Blair ‘would have gone to war without Iraqi WMD’

Tony Blair would still have led the country to war in Iraq even if he had known that it had no weapons of mass destruction.

The former Prime Minister has confessed that he would have had to use different arguments to justify toppling Saddam Hussein. But he says in an interview to be broadcast tomorrow morning that he would still have taken steps to remove the Iraqi dictator from power.

He also put the decision to go to war in Iraq in the context of a wider battle over Islam. He said: “I happen to think that there is a major struggle going on all over the world, really, which is about Islam and what is happening within Islam.” He said that this struggle had a “long way to go”.

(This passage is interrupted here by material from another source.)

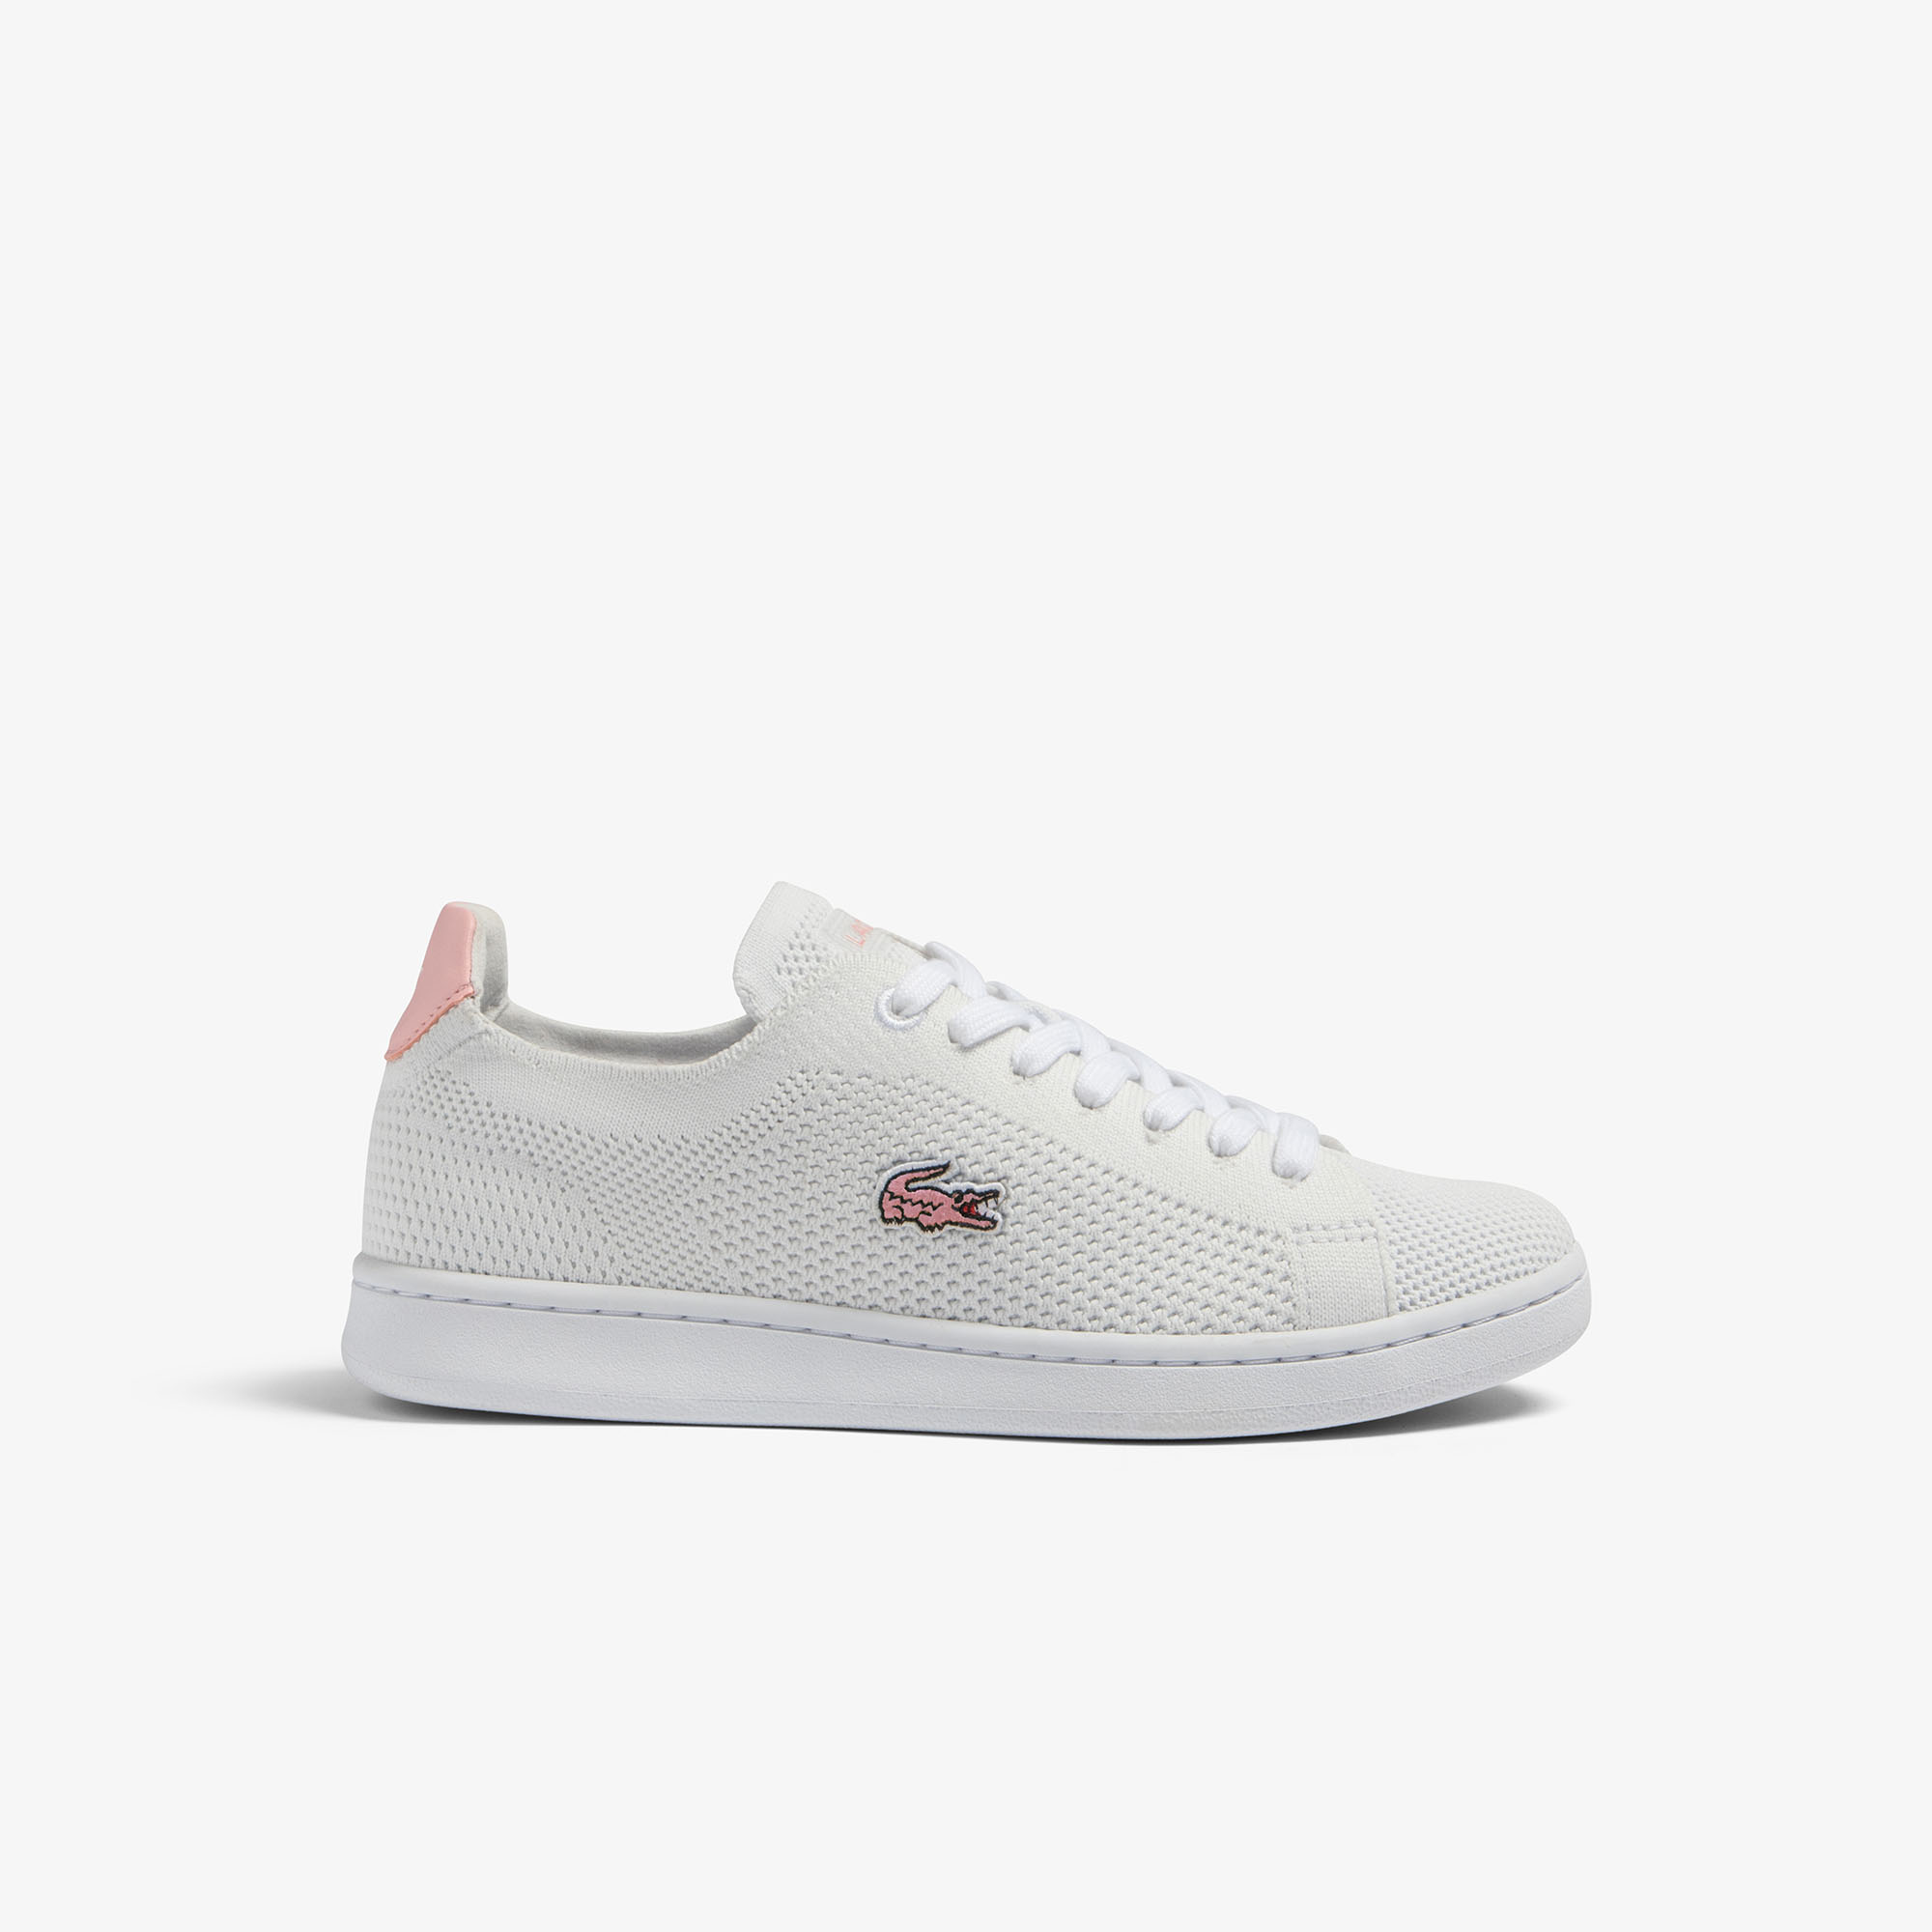 Lacoste tenisky CARNABY PIQUEE

At the time of the conflict Mr Blair, who is to be questioned by the Iraq inquiry early next year, based his decision to go to war on evidence that there were weapons of mass destruction in Iraq.
He gives an indication of his motives in an interview with the former daytime host Fern Britton, to be screened on BBC One. Mr Blair, who converted to Roman Catholicism when he left office two and a half years ago, denied that his religious faith played a direct part in his decision to go to war. But his faith gave him the strength to hold to the decision and supported him during “the loneliness of decision-maker”.

He said it was the “threat” that Saddam presented to the region that was uppermost in his mind. The development of weapons of mass destruction was one aspect of that threat.

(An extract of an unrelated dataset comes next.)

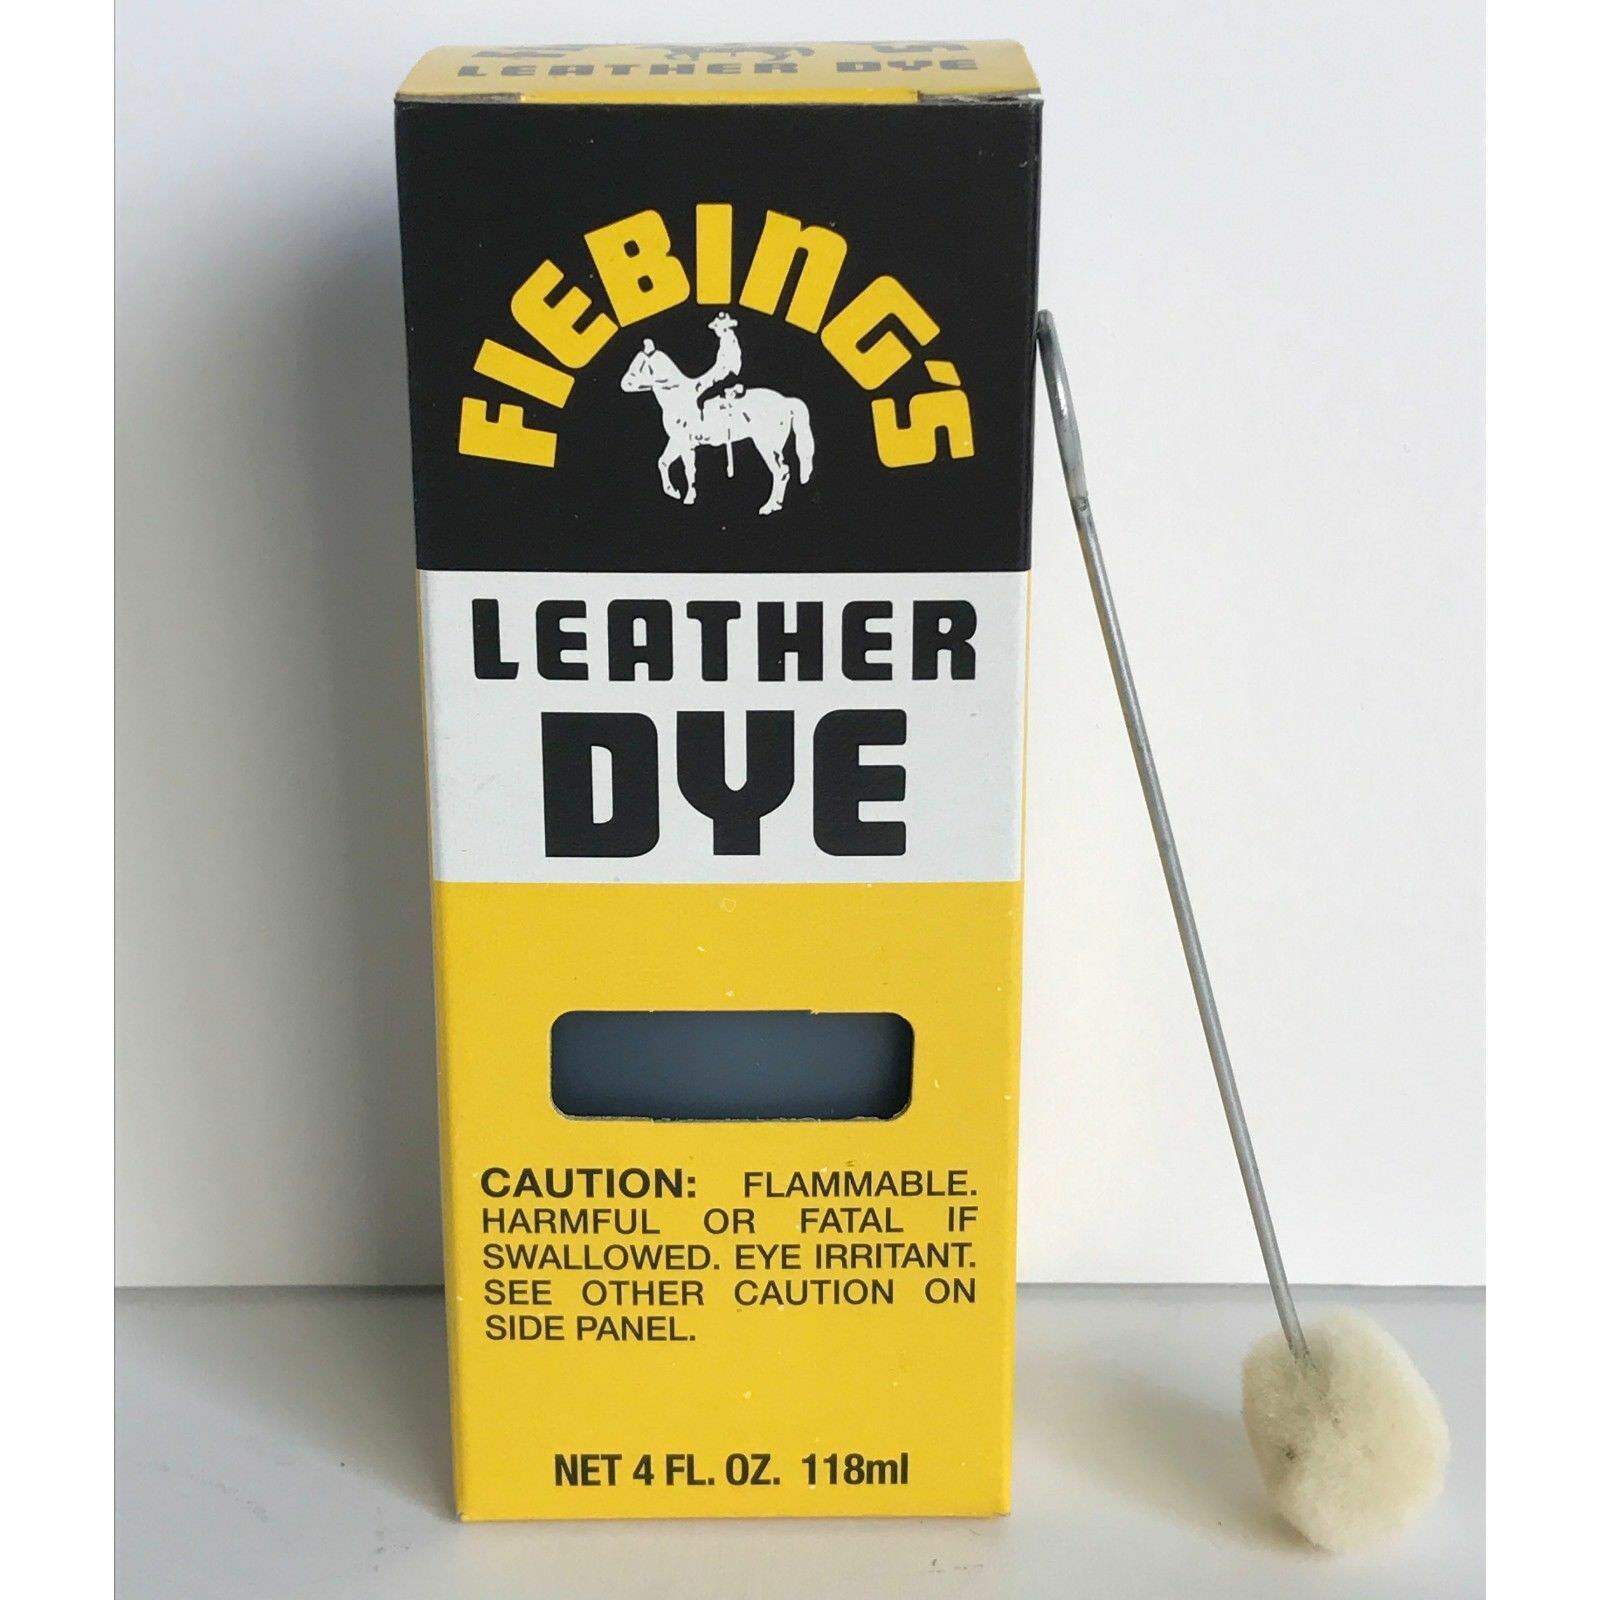 Fiebing's Leather Dye W/ Applicator For Shoes, Boots, Bags, Couches (all Colors)

Mr Blair said that there had been 12 years of the United Nations going “to and fro” on the subject, and he noted that Saddam had used chemical weapons on his own people.

Asked by Britton if he would still have gone on had he known there were no weapons of mass destruction, he said: “I would still have thought it right to remove him.”

Parents of some of the servicemen who have died have refused to shake his hand and accused him of being a war criminal with blood on his hands.

Mr Blair said that he was prepared to carry that responsibility. “There’s no point in going into a situation of conflict and not understanding there is going to be a price paid.”

The former Prime Minister, who now spends much of his time in the Middle East, working as an envoy for the Quartet of the US, Russia, the UN and the EU, said that it was difficult to judge yet whether the decision to go to war had been helpful or not.

This week the head of MI6 said that Saddam’s Iraq was one of a number of countries where Britain would have liked regime change. Sir John Sawers, who was at the time Mr Blair’s private secretary for foreign affairs, told the Iraq inquiry that discussions had taken place in 2001 — two years before the invasion — on “political” actions that could help to undermine the Baathist regime.

However, Sir John insisted that there had been no talk at that stage in Whitehall of military action in Iraq. He said that the approach adopted was based on the methods that had led to the ousting of Slobodan Milosevic in Serbia. Among the proposals considered was support for opposition groups and indicting Saddam for war crimes that he had committed during Iraq’s invasion of Kuwait in 1990.

“I think there are a lot of countries around the world where we would like to see a change of regime. That doesn’t mean one pursues active policies in that direction,” he said.

It was claimed last night that Mr Blair misled MPs by insisting that Britain was at risk from Iraq’s weapons of mass destruction before ordering the invasion. A senior Conservative MP said that evidence to the Chilcot inquiry into the Iraq war this week proved that the former Prime Minister was aware that new intelligence had established Saddam had no workable WMD missiles.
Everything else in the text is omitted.